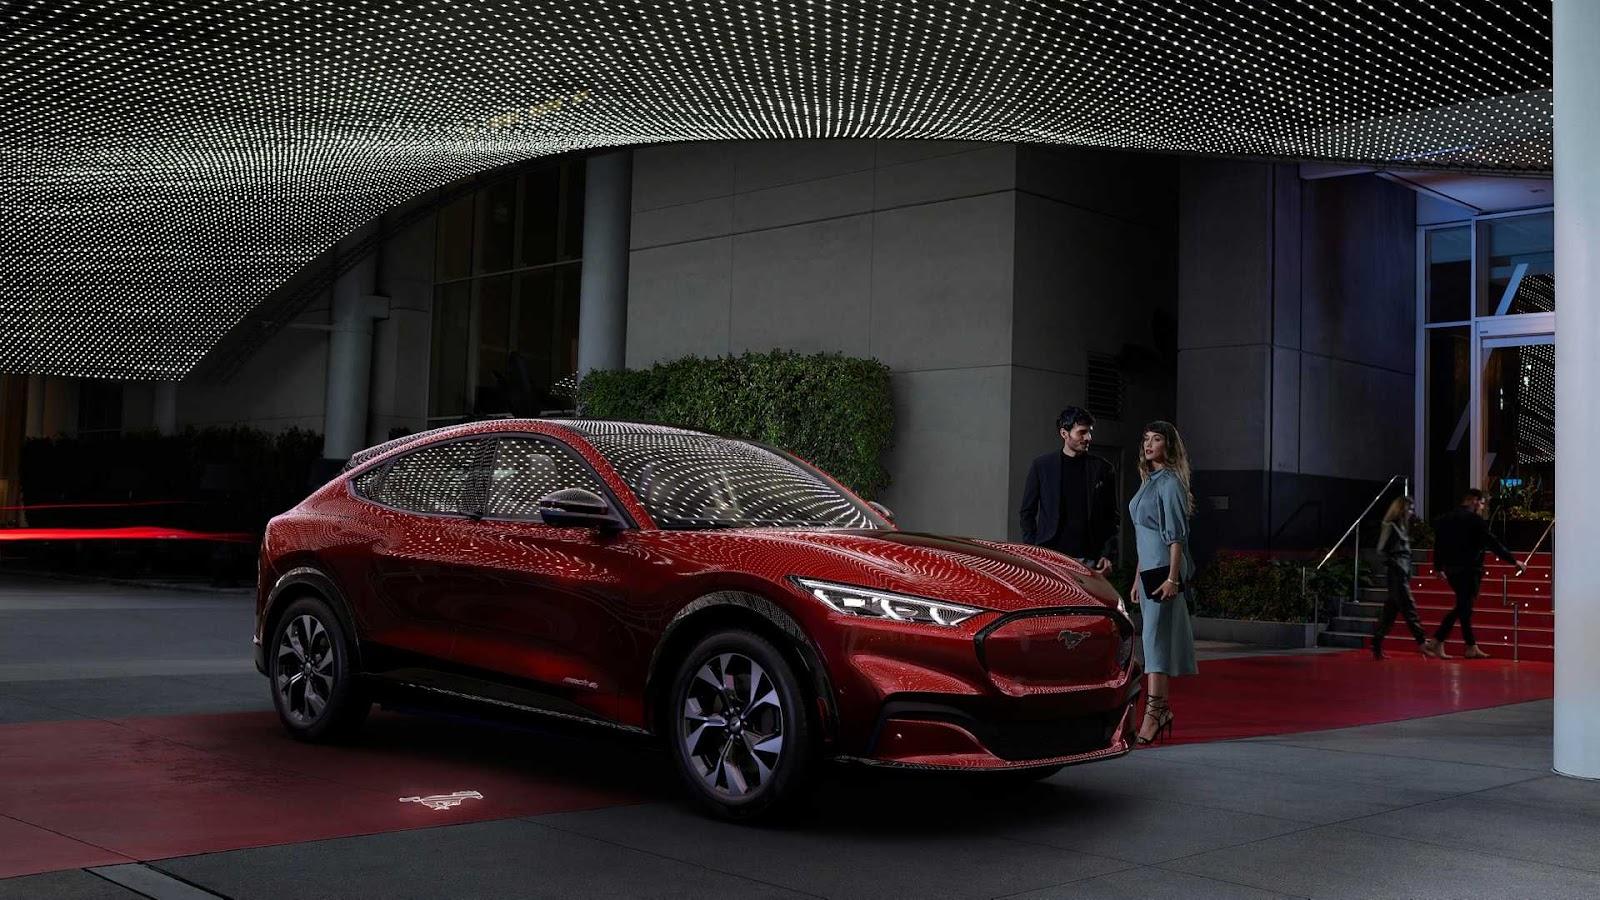 2020-ford-mustang-mach-e-5.jpg
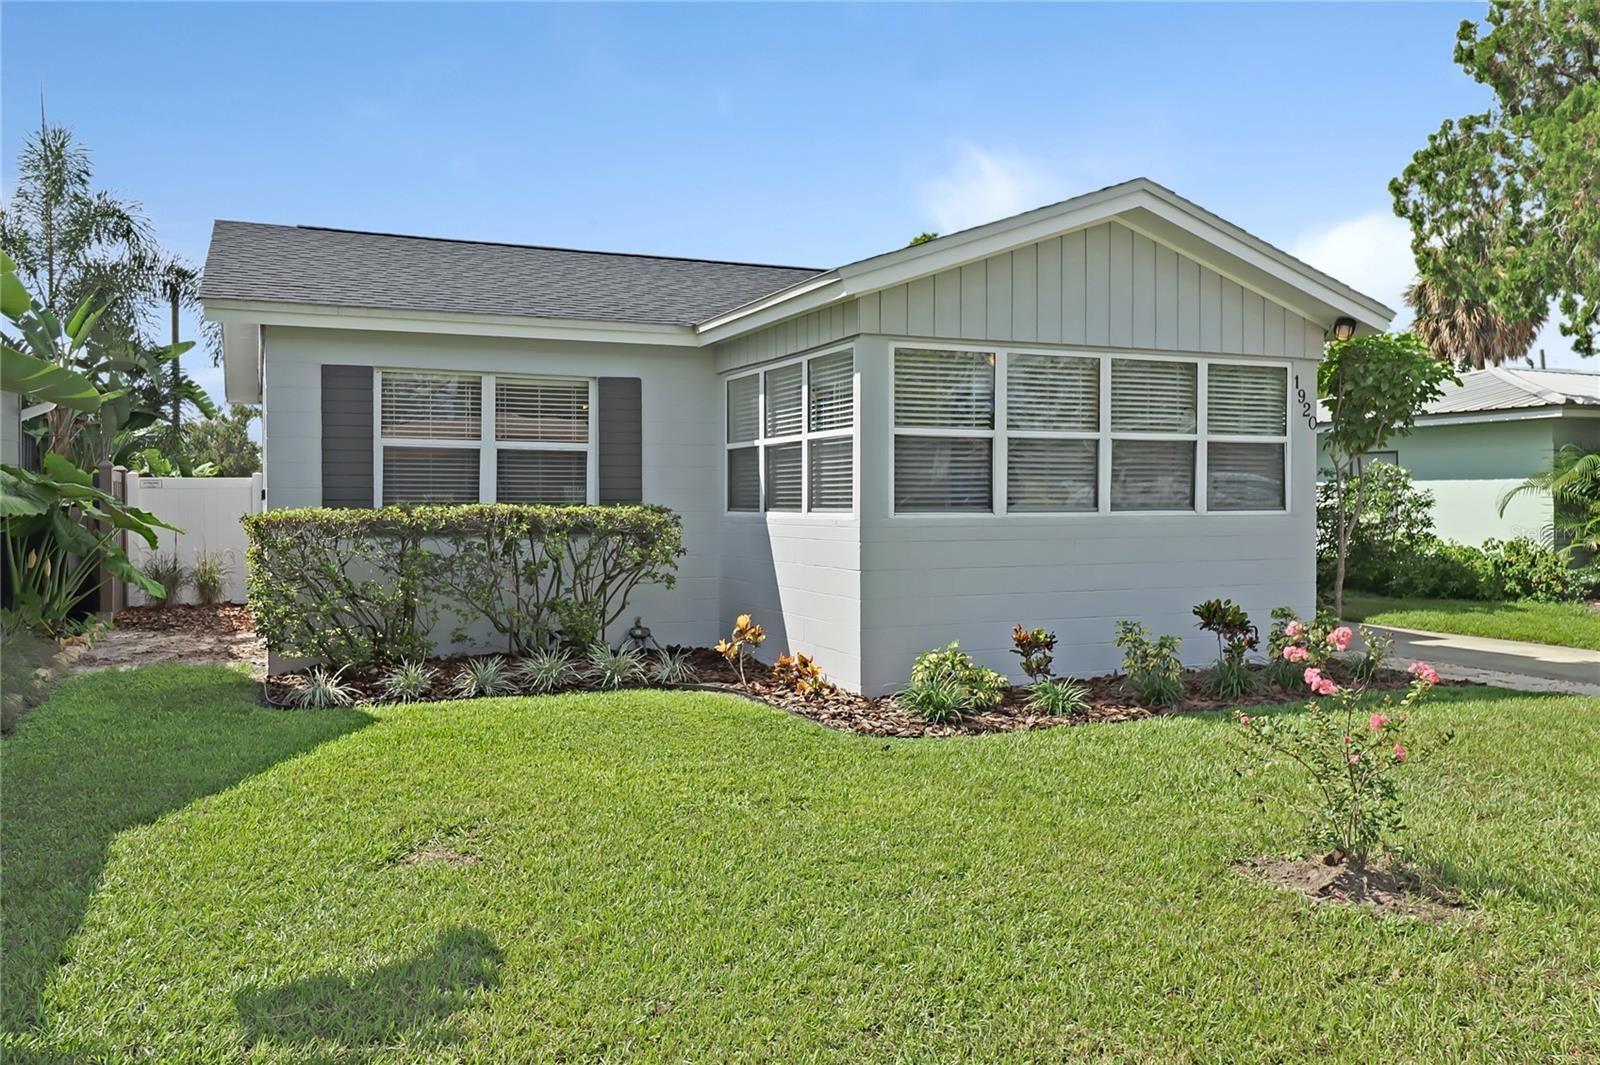 1920 OGLESBY AVENUE, Winter Park, FL 32789 - #: O5973812
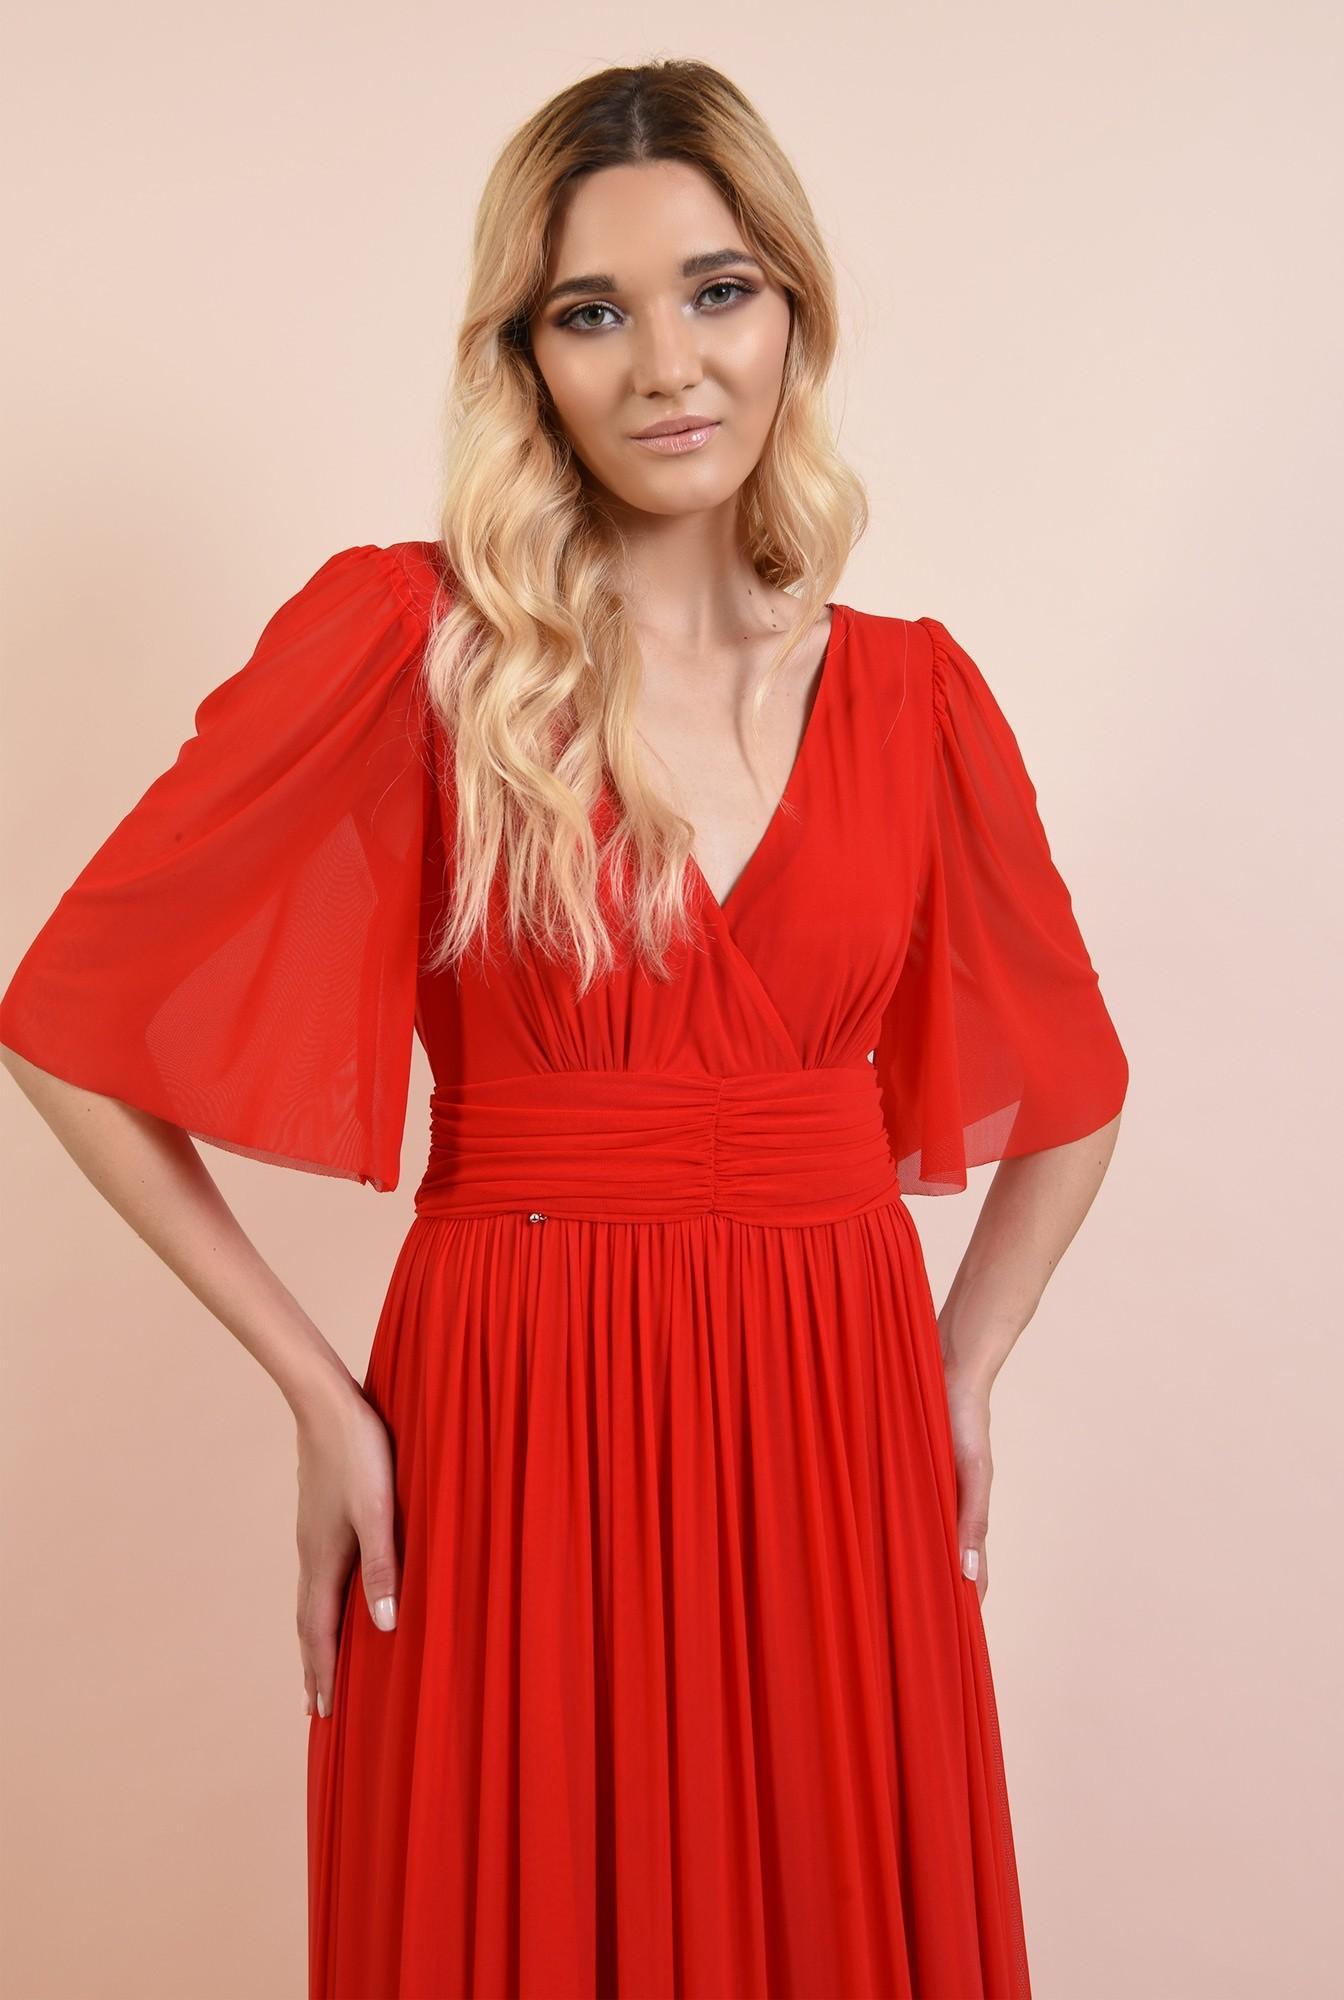 2 - rochie rosie, lunga, de seara, anchior, evazata, maneci fluture, Poema

★ ★ ★ ★ ★

▸ EXERCISE REQUIREMENTS: Rewrite the data above exactly as given, but omit the images.

▸ EXERCISE RESULT:
 2020-ford-mustang-mach-e-5.jpg
 1920 OGLESBY AVENUE, Winter Park, FL 32789 - #: O5973812
 2 - rochie rosie, lunga, de seara, anchior, evazata, maneci fluture, Poema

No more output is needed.